Jolie paced about the room, still opening and closing her fists. “So what’s the plan?”
Antoine wiped his face and hands with a towel. He balled the towel and tossed it to Jolie. “Here, wash up. It’ll help you cool off.”
Jolie caught the towel and threw it back to Antoine. “I don’t want to cool off.”
“You need to. We all need to be thinking clearly.”
Jolie kept pacing. “I can think clearly enough.”
Earlier, I’d told Jolie what I knew about Carmen’s capture, Goodman, and Clayborn. I was sure she’d shared that with Antoine.
“Just get to the plan.” Jolie kept pacing.
Antoine pulled a chair and sat at the table beside me. I pointed to the map with the layout of the resort, the hotel, and the annex. “We sneak in.”
“Why?” Jolie’s aura burned with so much anger that if it were fire, the house would’ve gone up in flames. “I’d hit them hard in the gullet and plow through their defenses. We’d be in and out before they finished shitting their pants.”
“I like the way you think, Jolie,” I said. “But if we did that, we wouldn’t get close to Carmen, much less rescue her. They have a lot of firepower.”

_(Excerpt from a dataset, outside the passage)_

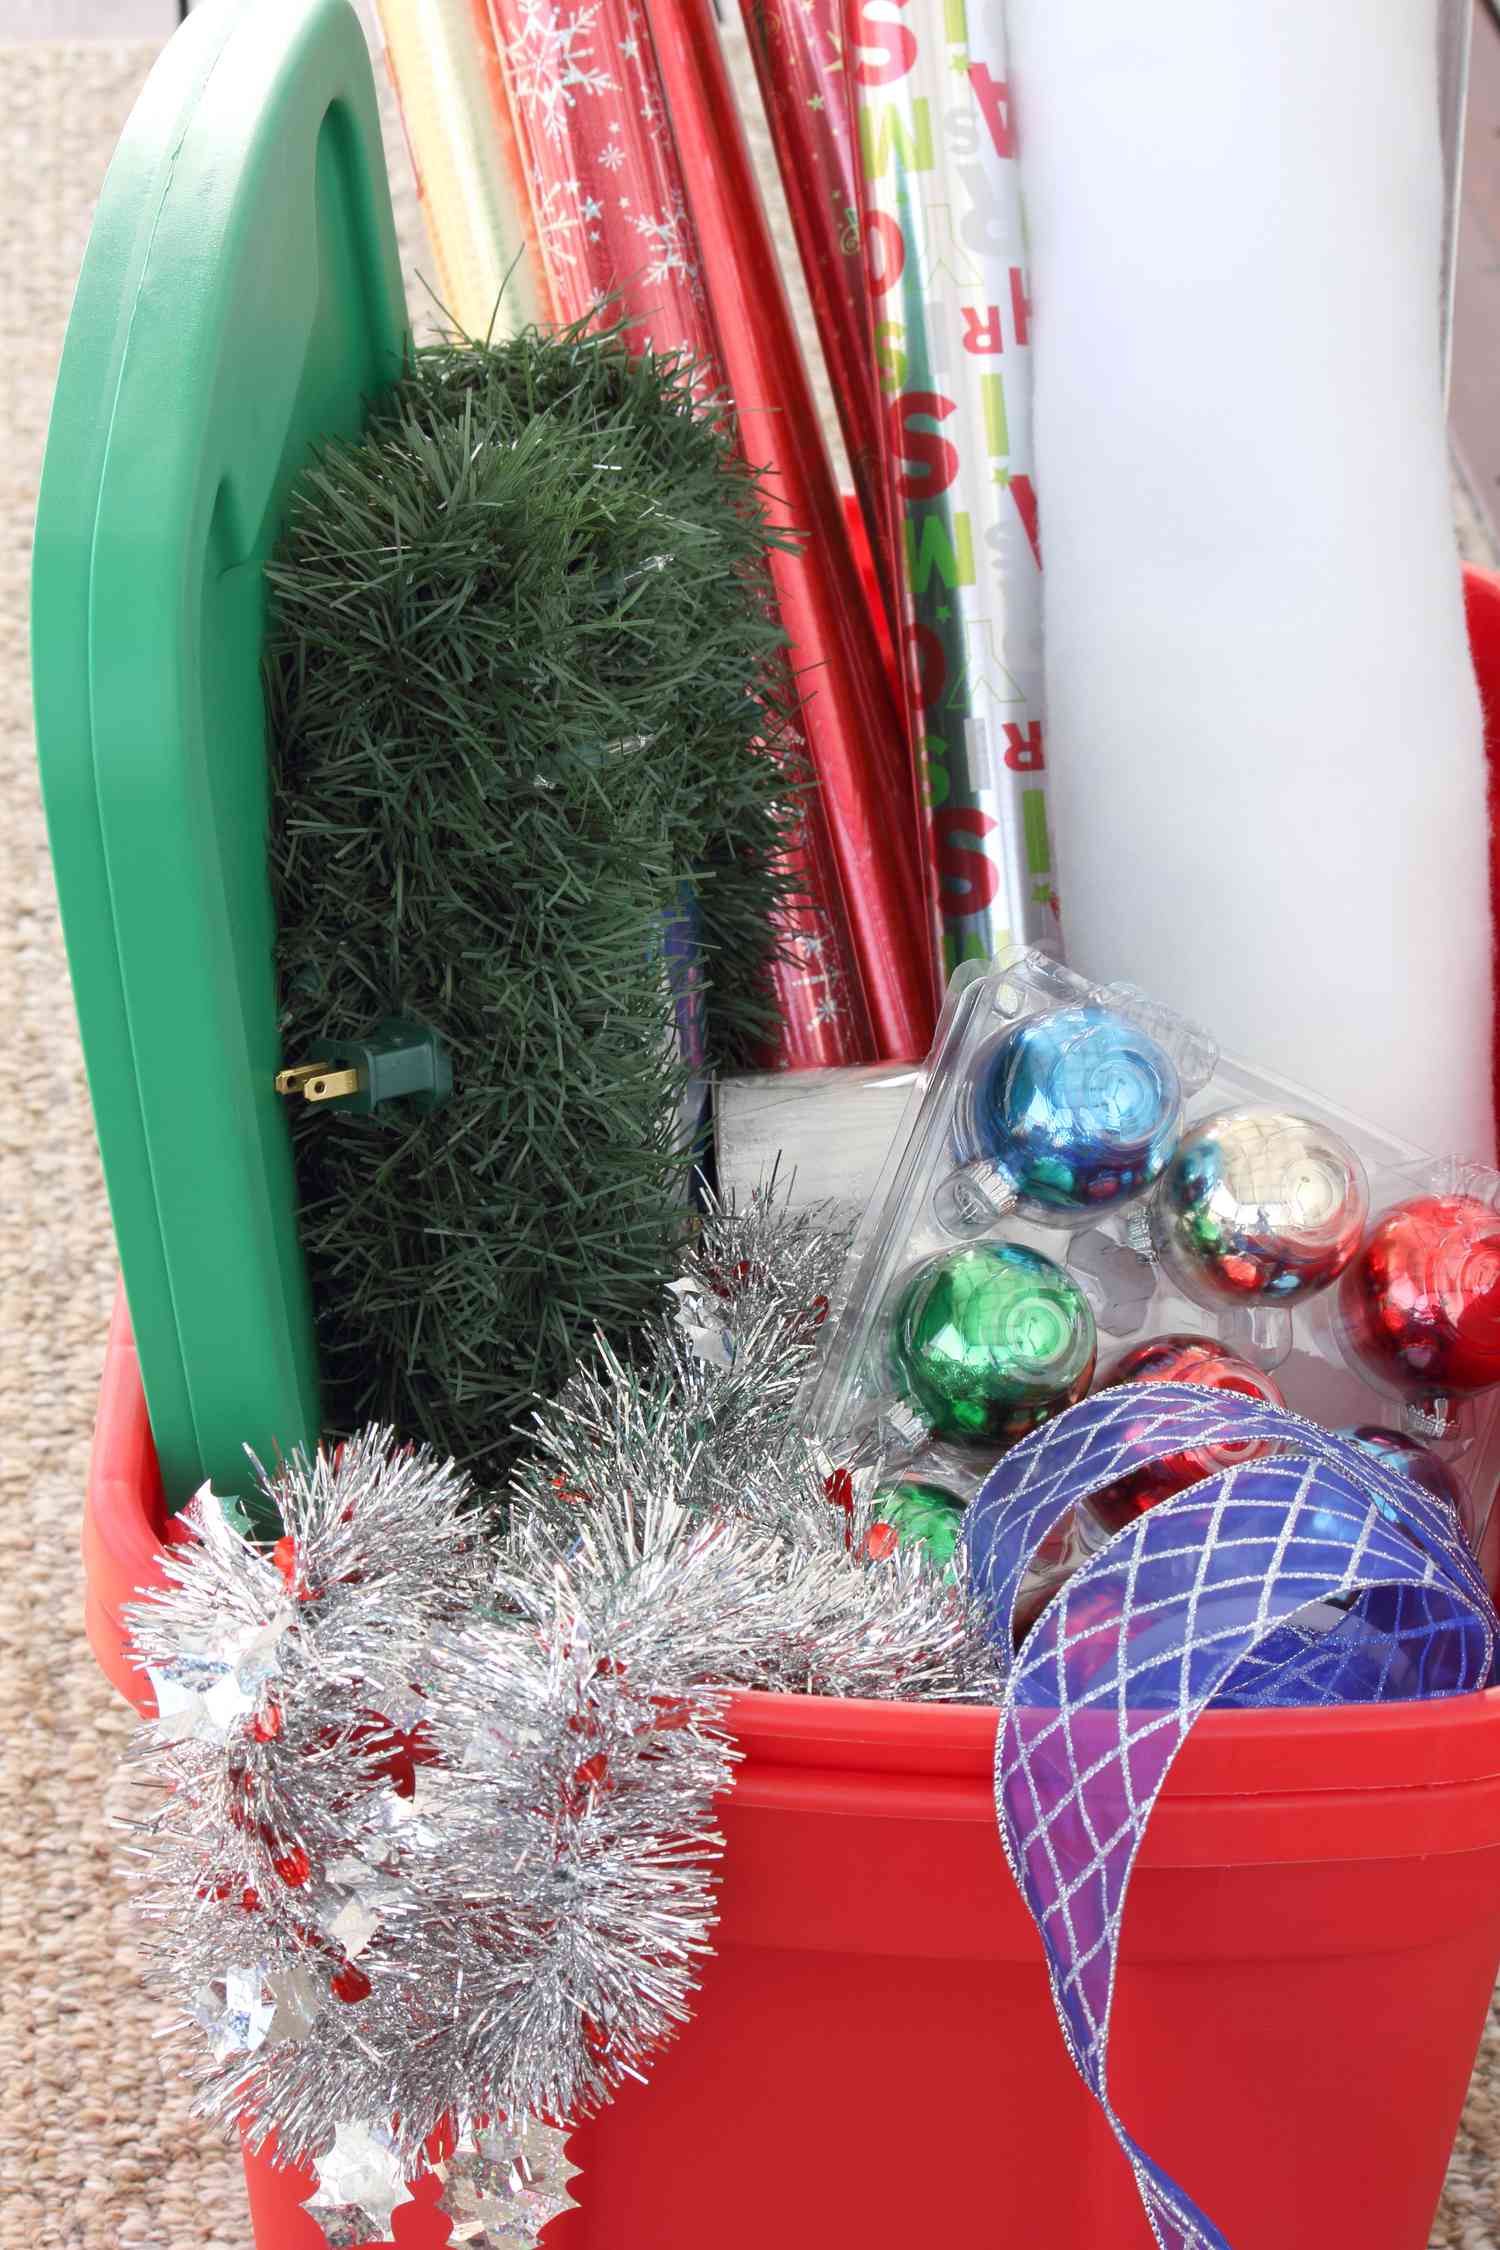 Weihnachtsdekoration in einer roten Wanne mit grünem Deckel

I pointed to the maps. “My plan is that we sneak inside.”
Jolie clenched her teeth. “I don’t want to sneak.”
“Hear the man out.” Antoine clasped Jolie’s wrist. “After we get Carmen, then you can settle whatever scores you want.”
I nodded to Antoine, thanking him for helping calm Jolie. I smiled at her. “Don’t think of it as sneaking. We’re infiltrating.”
She pulled her arm free and went back to pacing by the table.
“When we trip the alarm, I want us to be here,” I tapped my pen against the drawing of the annex, “instead of here on the perimeter. That will buy us time. I’d rather that we infiltrate in and then fight our way out.”
Jolie stepped close and moved my pen to study the map. “Yeah, makes sense. That way we can recon their defenses on the way in. Plus their attention would be on keeping us out. When we have Carmen, we’ll be attacking security from their rear. That’s always a good tactic.”